Cook to Impress!
September 28, 2004 2:41 PM Subscribe
From the
general to the specific: What are your favorite recipes, the dishes you prepare when you want to impress?
This clam chowder never fails to impress:
Skipjack's Clam Chowder
from November 2000 Bon Appétit
with modifications by J.D. Roth
- Three 8-oz bottles of clam juice
- One pound russet potatoes, peeled and cut into 1/2 inch chunks (resist the urge to use Yukon Gold potatoes)
- Two tablespoons (1/4 stick) butter
- Three slices bacon, finely chopped (I use thick, hammy deli bacon -- use six slices of bacon if you're using the thin, pre-packaged stuff)
- Two cups chopped onions (about one large yellow onion)
- Three stalks (about 1-1/4 cups) of celery with leaves, chopped
- Five garlic cloves, minced
- One bay leaf
- 1/4 cup all-purpose flour
- Six 6-1/2 oz cans minced clams, drained, juices reserved (chopped clams are fine -- I use minced because Kris doesn't like large, rubbery clam chunks)
- 1-1/2 cups half-and-half
- One teaspoon hot pepper sauce (we use Tapatío, but you might prefer Tabasco)
- Optional: 1/2 teaspoon hickory smoke salt (hard-to-find, but great flavor!)
At the top of my recipe card I've written, in bold:
NOTE: Prepare ingredients before starting! Experienced, or quick, cooks can ignore this advice. I'm neither experienced nor quick. If I don't prepare the ingredients before starting the chowder, it's a disaster.

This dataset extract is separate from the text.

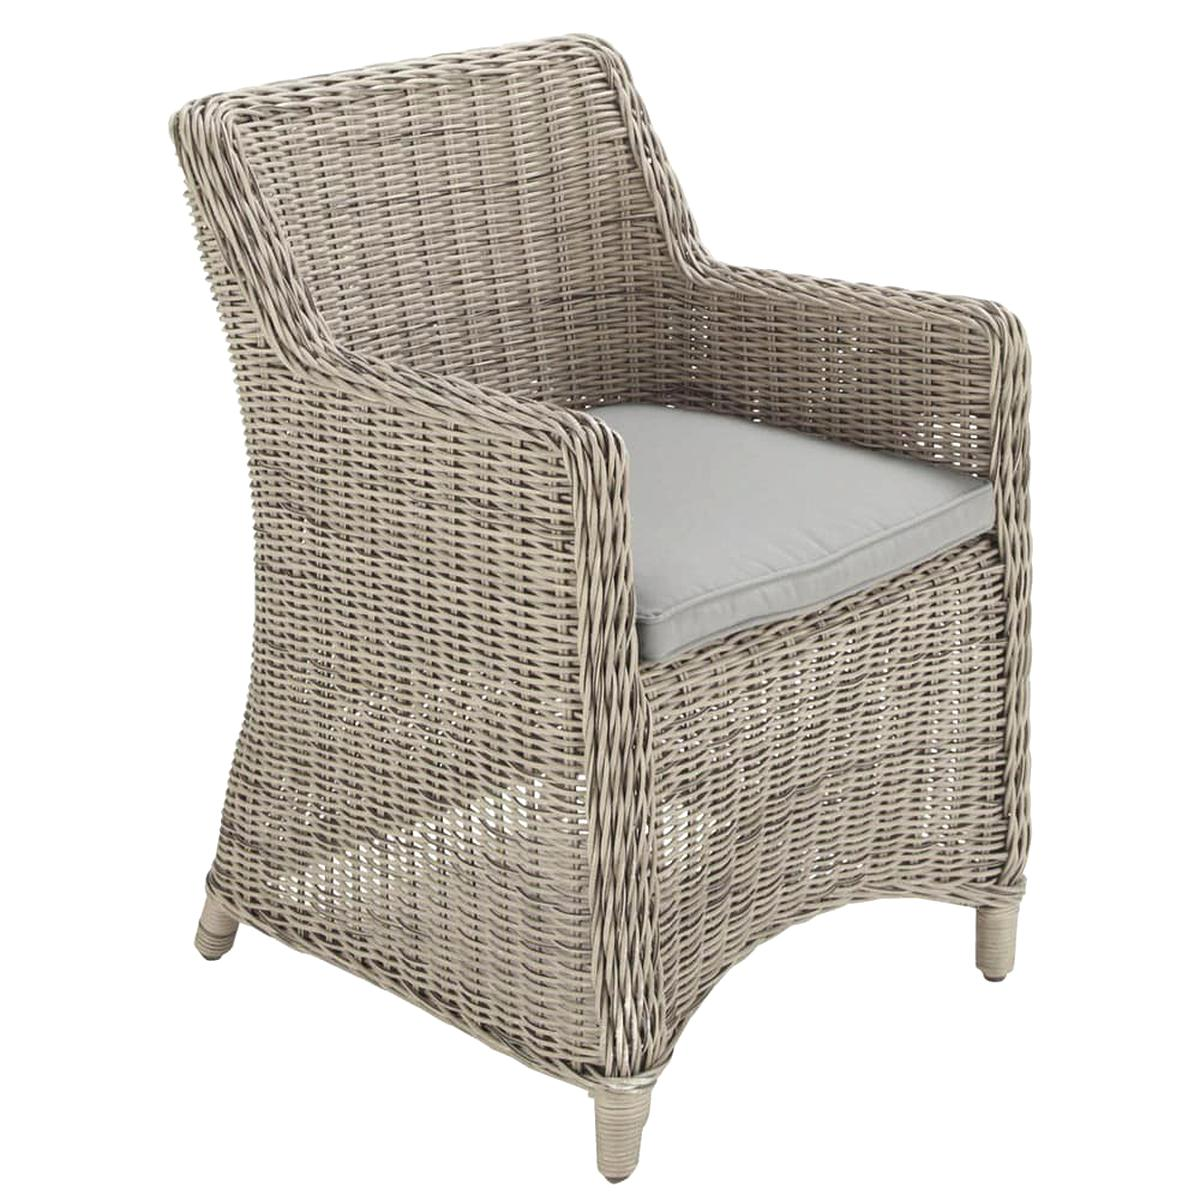 fauteuil jardin resine tressee d occasion

- Bring the bottled clam juice and potatoes to a boil in a medium saucepan over high heat. Reduce heat to medium-low. Cover and simmer until potatoes are tender (about ten minutes). Remove from heat.

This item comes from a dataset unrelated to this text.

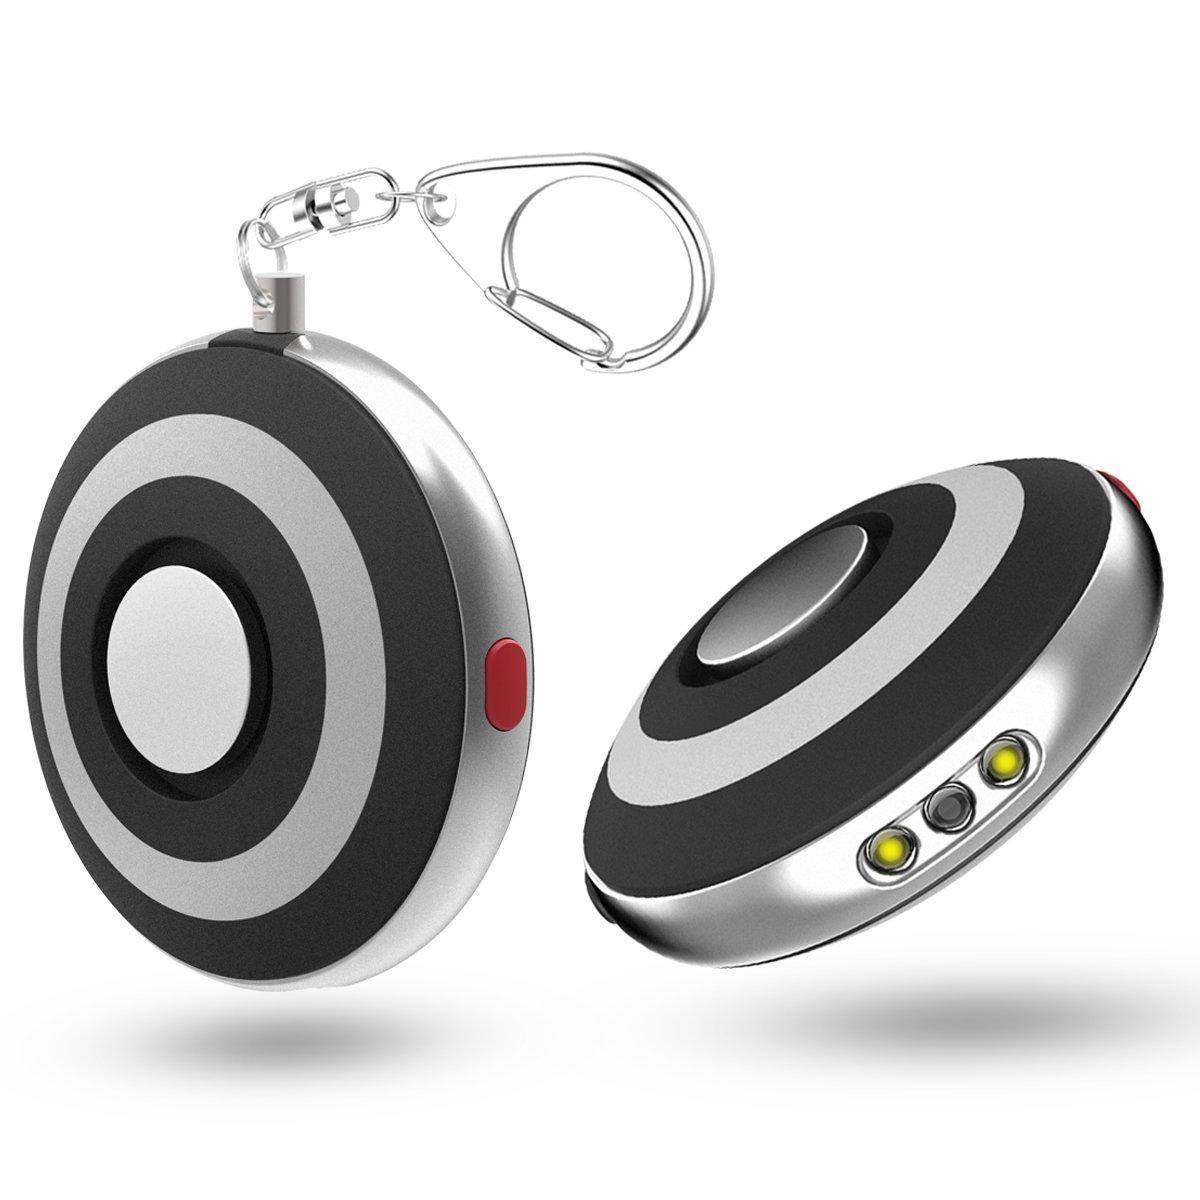 ASTUBIA Personal Alarm Keychain [2 pack] with LED Flashlight 125DB Self-Defense Safe Emergency Sound Siren Song Alarm for Women Kids Elderly Superior Explorer Protection -Black

- Melt butter in heavy large pot over medium heat. Add bacon and cook until bacon begins to brown (about 8-10 minutes). Add onions, celery, garlic, and bay leaf. Sauté until vegetables soften, about six minutes.

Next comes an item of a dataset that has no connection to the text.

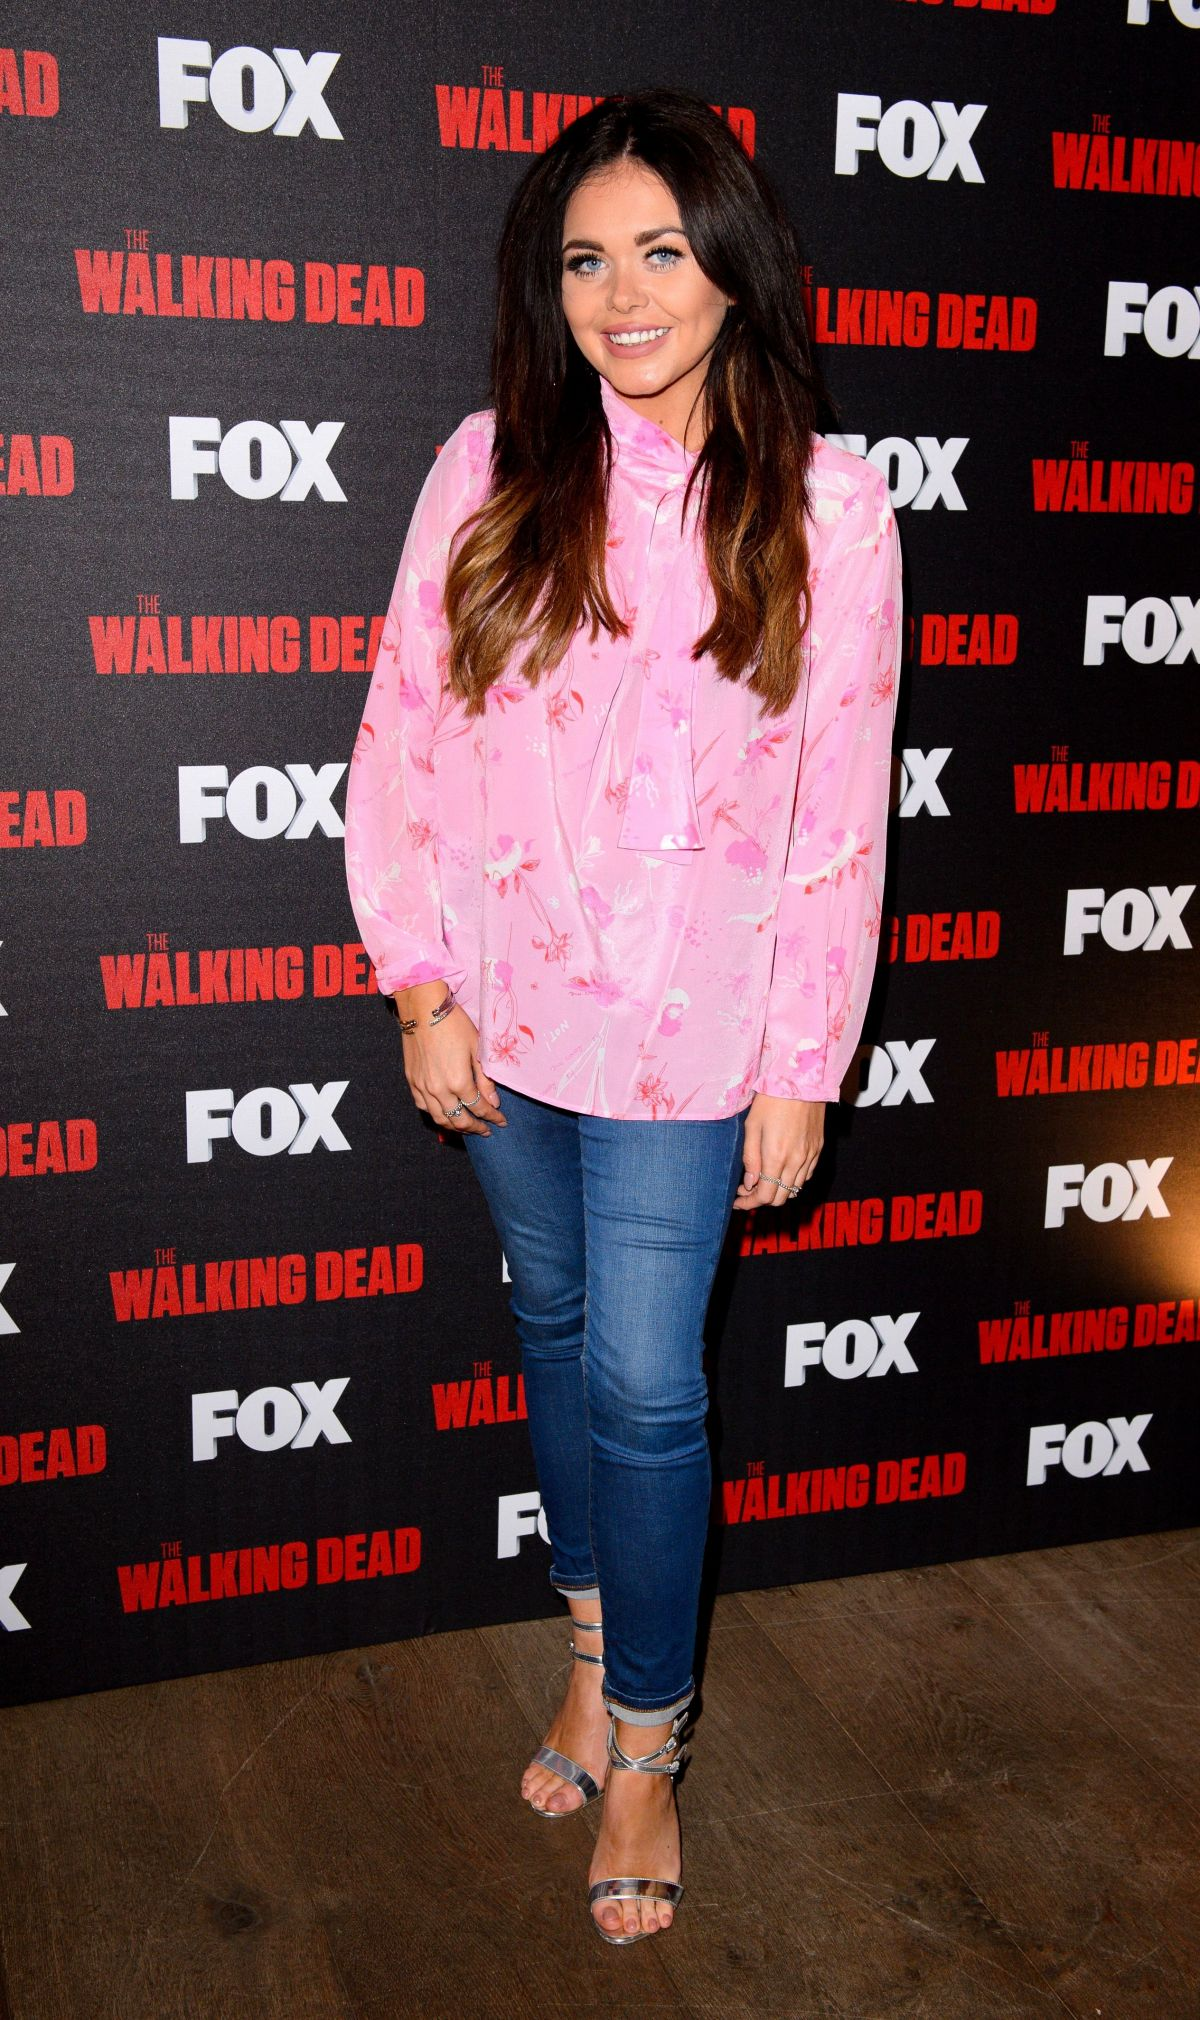 SCARLETT MOFFATT at A night with The Walking Dead Screening in London 03/03/2017

- Stir in flour and cook two minutes. Do not allow flour to brown.
- Gradually whisk in reserved juices from clams. Add potato mixture, calms, half-and-half, hickory smoke salt, and hot pepper sauce. Simmer chowder to blend flavors, stirring frequently.
- Season to taste with salt and pepper.
- Chowder can be served after as few as ten minutes of simmering, or it can sit on the stove contentedly for hours.
The garlic can be reduced; I think the original recipe called for only one or two cloves.
posted by jdroth to food & drink (16 answers total) 8 users marked this as a favorite
If I'm trying to impress, I might fry a chicken, but I'm not giving away family secrets today. Instead, here's some stuff to try if you're looking for ideas:
Salmon, orange juice, ginger. Bake or broil.
Butter, lemon, tons of basil, milk -- make sauce. Pour over a nice thick baked/seared/panfried/grilled tuna steak.
Rice, sausage, arbitrary vegetables, oil. Fry.
Grilled chicken, paprika, cumin. Hack up and stick in a tart-sauced salad with romaine tip (not heart) salad. Stuff into warm soft pocket bread.